Созданные авторами лагерных текстов описания и моральная «антропология» явились вкладом в понимание феномена преступника – и вместе с тем попыткой возвыситься над объектом посредством письма и восстановить собственное достоинство.

13. Работа: бессилие и наказание

Идея возможности жизни без работы – центральная тема (и химера) консервативной утопии, о которой говорится в одном из известнейших русских романов XIX века – «Обломове» Ивана Гончарова.

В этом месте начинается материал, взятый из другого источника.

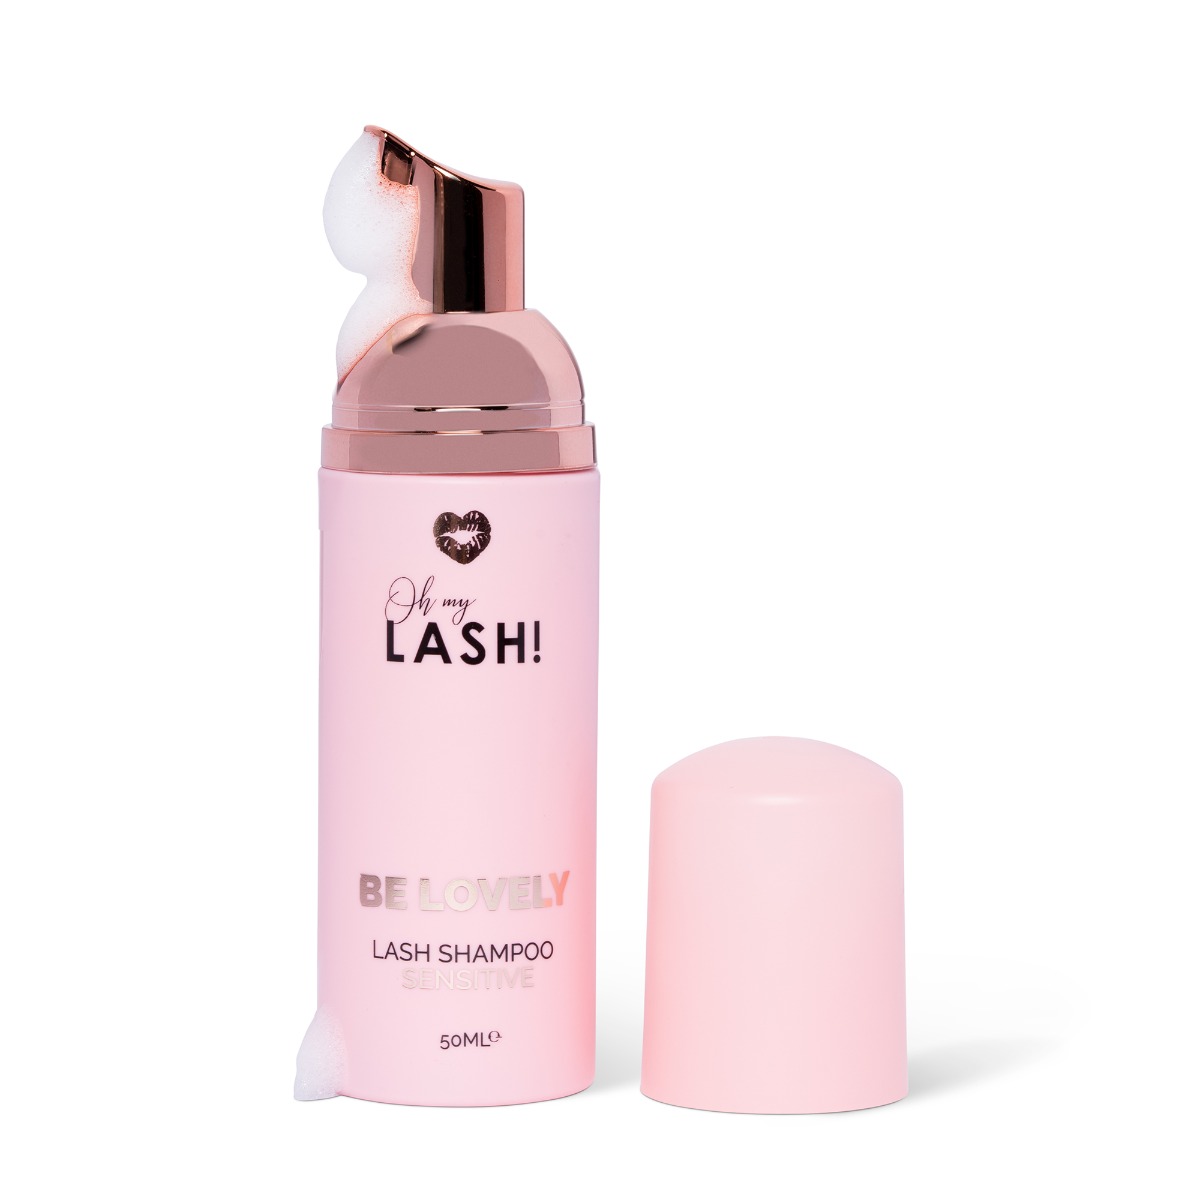 Be Lovely – Lash Shampoo Sensitive 50ml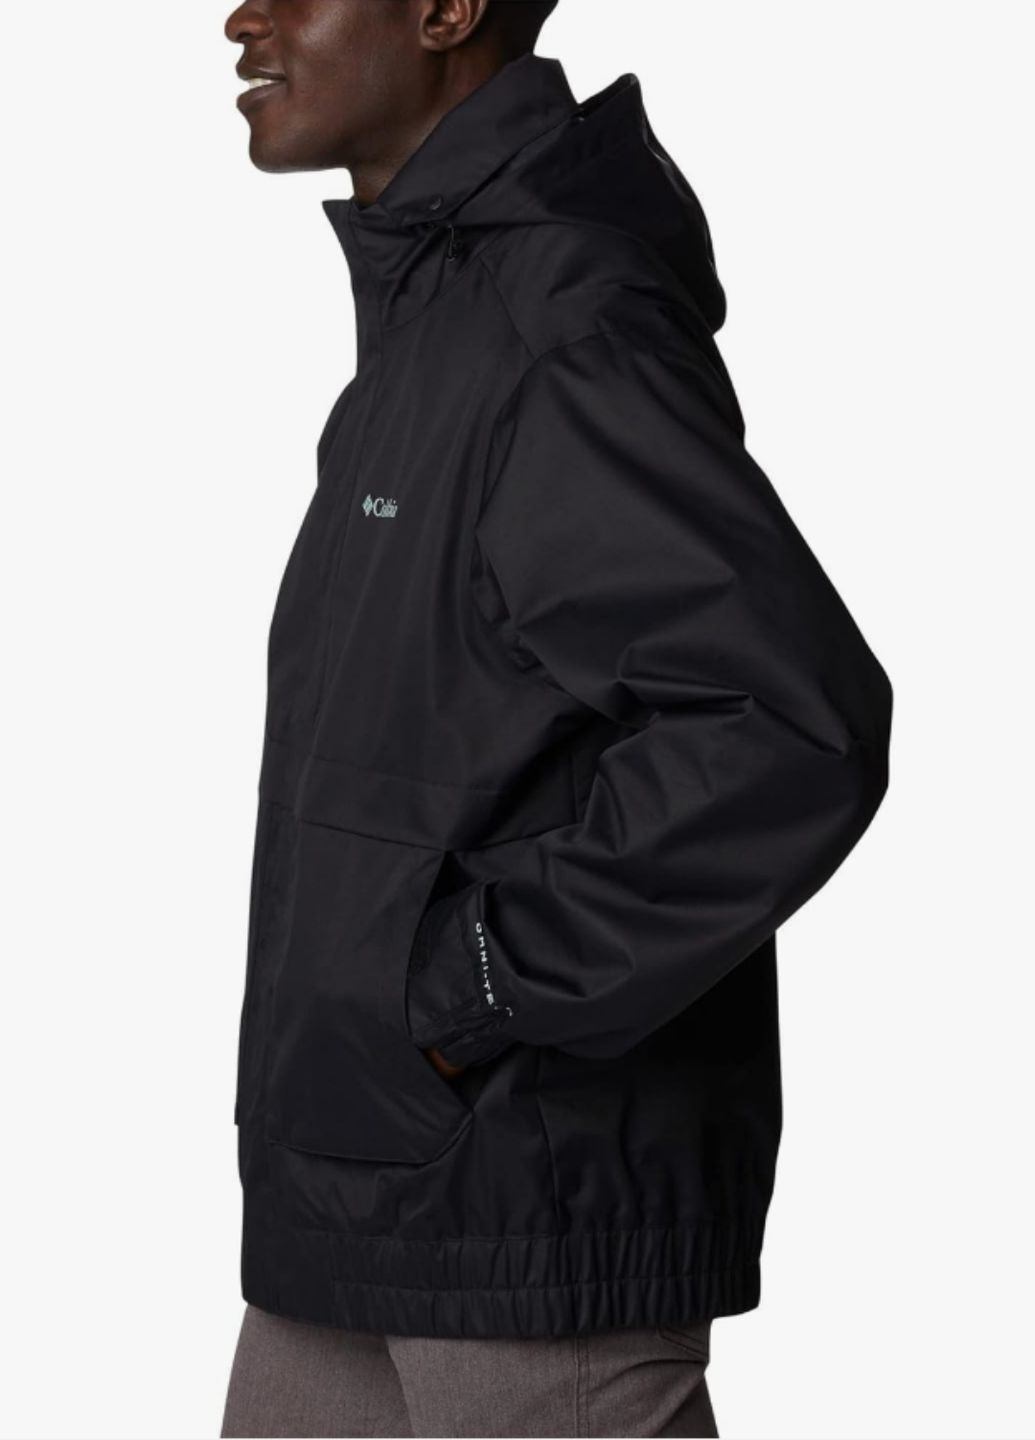 Черная демисезонная мужская куртка водонепроницаемая, дышащая, 48 р. Columbia Boundary Springs

История прочтения[292] этого романа превратила Обломова в самую популярную фигуру русского негативного самоопределения, а его нежелание работать получило имя «обломовщина». Ленин использует гончаровский роман как повод для порицания народа в целом. В ленинской речи «О международном и внутреннем положении Советской республики» (1922) говорится:

<…> Обломовы остались, так как Обломов был не только помещик, а и крестьянин, и не только крестьянин, а и интеллигент, и не только интеллигент, а и рабочий и коммунист. Достаточно посмотреть на нас, как мы заседаем, как мы работаем в комиссиях, чтобы сказать, что старый Обломов остался и надо его долго мыть, чистить, трепать и драть, чтобы какой-нибудь толк вышел[293].

В борьбе за социальные преобразования Обломов олицетворяет инерцию, блокирует перемены. В противовес «обломовщине» провозглашается проникнутая пафосом «жизнестроения»[294] концепция труда, отдающая предпочтение труду коллективному и легитимирующая трудовую экономику, отраженную в «научной организации труда» – этой русской версии тейлоризма. В конечном счете именно эта концепция породила гиперболизацию труда – «стахановщину», названную в честь выдающегося ударника Стаханова. Кроме того, гончаровская патриархальная идиллия отказа от достижений могла осмысляться и как критика капитализма, максимизации прибыли «за счет жизни». Однажды вырвавшиеся у Обломова слова: «Так когда же жить?» – напоминают о ранних идеях Маркса. В «Заметках по поводу книги Джемса Милля»[295] Маркс подчеркивает самоутрату, вызванную тем, что работа больше не принадлежит человеку:

При предпосылке частной собственности моя индивидуальность отчуждена от меня до такой степени, что эта деятельность [труд. – Р. Л.] мне ненавистна, что она для меня – мука и, скорее, лишь видимость деятельности. Поэтому труд является здесь также лишь вынужденной деятельностью и возлагается на меня под давлением всего лишь внешней случайной нужды, а не в силу внутренней необходимой потребности. <…> Поэтому он и проявляется теперь только как предметное, чувственно созерцаемое и вследствие этого находящееся вне всяких сомнений выражение моей самоутраты и моего бессилия[296].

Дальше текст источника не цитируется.